O homem é trazido por um bombeiro. Chama-se Narciso. Está pálido, a palidez da doença longa, mas o que sobressai nele é a serenidade. Espera com calma que alguém o leve para mais um exame. O bombeiro, ainda na recepção, pede em voz alta: “avisem-me 45 minutos antes para me fazer à estrada”. Dizem-lhe que sim. Há uma despedida breve entre o bombeiro brioso na sua farda e o Narciso na cadeira que o transporta. A vida, certamente, já terá andado sobre rodas. Agora é a cadeira.

Chegam a esta sala dezenas de pessoas que trazem a espera vincada no rosto. Espera-se pelo resultado do exame. Espera-se que alguém os venha buscar para devolver a casa ou a uma ideia próxima de casa. Um regresso. Espera-se por mais vida. Viver mais seja lá em que circunstâncias for. Espera-se que alguém olhe para nós muito antes de pensarmos que alguém olhará por nós. Pelos nossos. Esperamos que os minutos passem sem que a angústia não nos devore. Que um riso nos distraia. Faltam esses risos nas salas de espera. O silêncio é solene e curvamo-nos perante o que não sabemos decifrar: medo ou respeito?

O Sr. Narciso rodopiou na cadeira de rodas levado pela enfermeira Tânia que espalha o amor nesta área: é nova e bonita. O sorriso chega aos olhos. Há pessoas para quem a máscara é transparente: não ofusca o sorriso. Entretanto chegou um neto a acompanhar os avós. Acompanha-os mesmo: fala com eles, faz perguntas, soletra o exame que a avó Ana vai fazer. Pergunta ao avô pelo coração. O coração ainda bate.

Apetece-me abraçá-lo e pedir-lhe para que nunca deixe de ser assim. Confio neste cuidado que está ali com ele e que aposto que sempre esteve. Há factos que nos mudam mas muito do que somos já vem cedo connosco. Tarda a sensatez em quem nunca parou para perguntar: o que te dói?
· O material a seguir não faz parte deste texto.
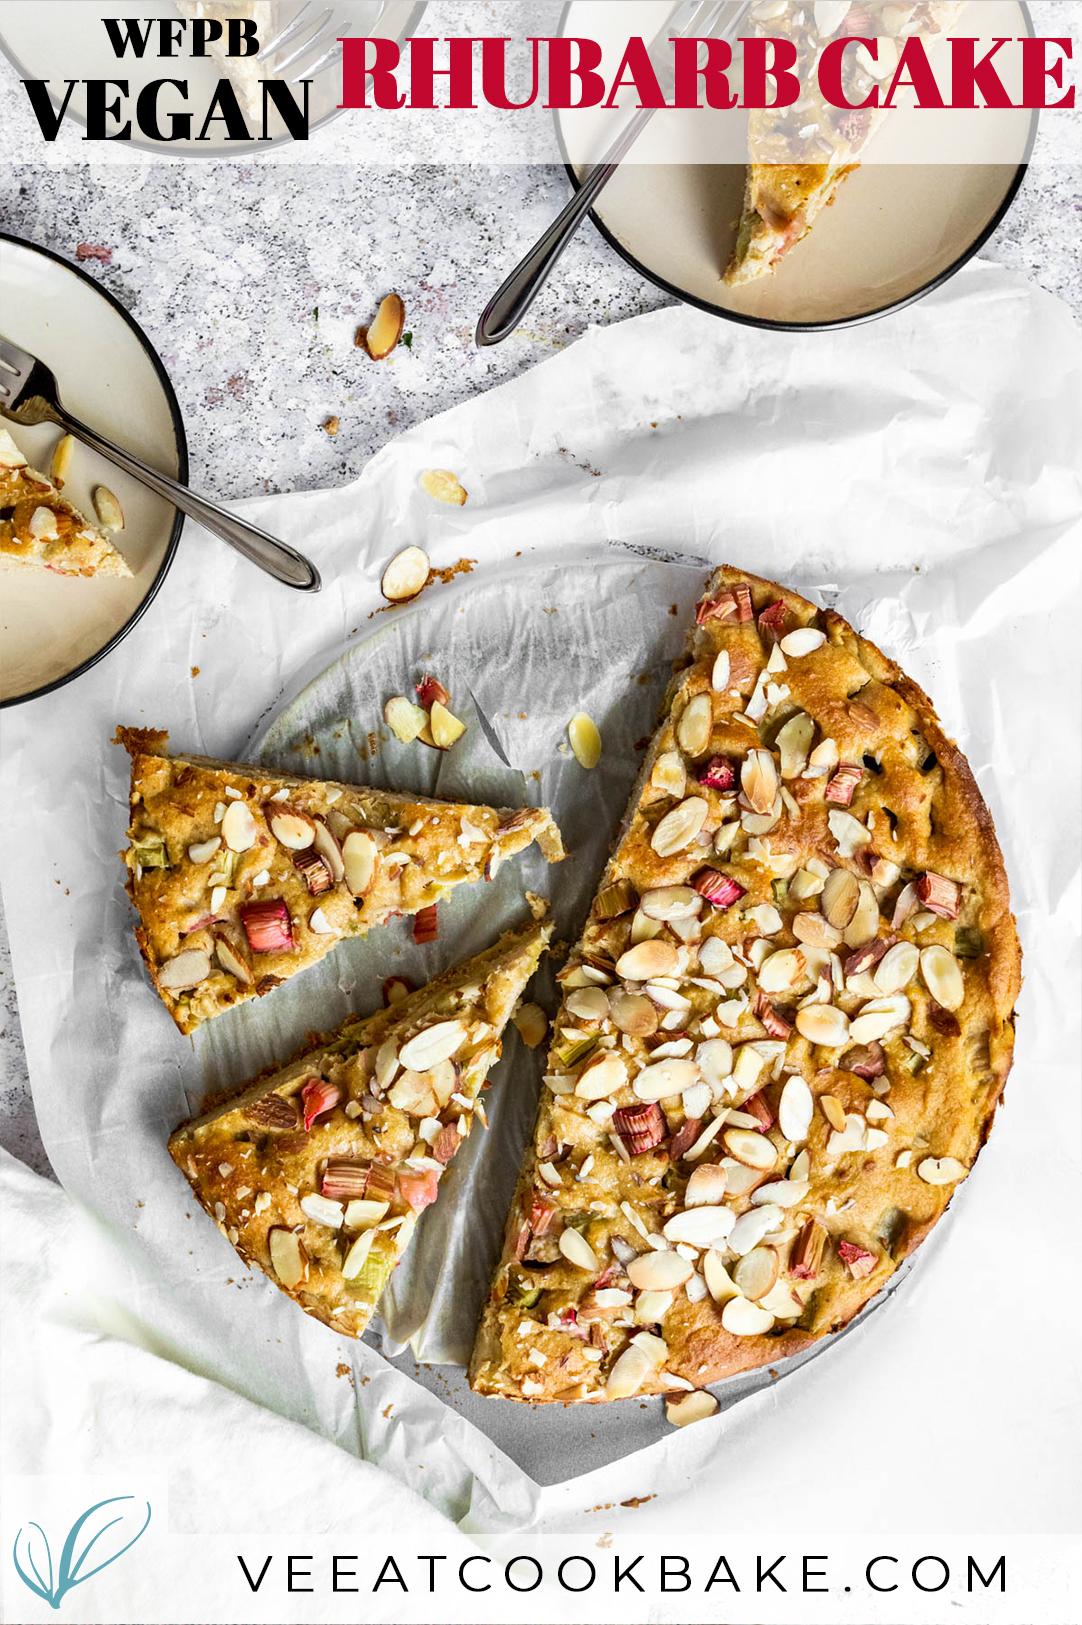 Vegan Rhubarb Cake Photography with text

Nesta sala somos todos iguais. Medimo-nos pela espera.

Enterneço-me com a bondade em pequeníssimos gestos: o cuidado de explicar a alguém com detalhe onde é a casa de banho. Como se chega ao andar de cima. Como se deve preparar para o que se segue.

Do outro lado do espelho, na televisão, amontoam-se rodapés de notícias tristes. A montanha russa em que a nossa vida se tornou: uma guerra disseminada que está por todo o lado.

São raros os dias em que não me lembro do actor brasileiro Flávio Migliaccio que na sua nota de suicídio, tão lúcida, dizia: “a humanidade não deu certo”. Repito-me isto quase todos os dias. Até dar certo. Vamos dar certo ainda?

O que passou a faltar à humanidade é somente o humanismo. A base do que nos faz gente distinta das outras espécies. Ligas para uma empresa que já teve uma pessoa a dizer-te “boa tarde” e tens agora números a empurrarem-te para um labirinto maquinal de onde facilmente desistirás. O humanismo é uma máquina operada à distância.

Os rodapés encavalitados da televisão não dão uma boa notícia. Nem sobre a selecção que já não joga. São os números que nos dizem: país tu já foste o melhor e agora és o pior outra vez. E isto já ouvimos muitas vezes.

O cansaço derruba-nos. Impotentes.

D. Ana entrou agora para o exame e o Sr. Narciso ainda não saiu. Podia ficar aqui o dia inteiro a vigiá-los tentando sorrir-lhes com os olhos. Mas o nosso olhar nem se cruza. Hoje, e se não olhar para a televisão, direi que a humanidade está a dar certo. Nem que seja só por estas horas enquanto o neto fala com o avô, a recepcionista aponta a casa de banho mais próxima e a enfermeira Tânia espalha um sorriso que varre a área onde estamos.

Estamos à espera. Também que a humanidade dê certo. Que as máquinas e os déspotas que controlam o mundo não nos derrubem.

Talvez Flávio, se não tivesse ido embora mais cedo, sorrisse hoje um bocadinho.

Há partes sérias da humanidade que ainda funcionam.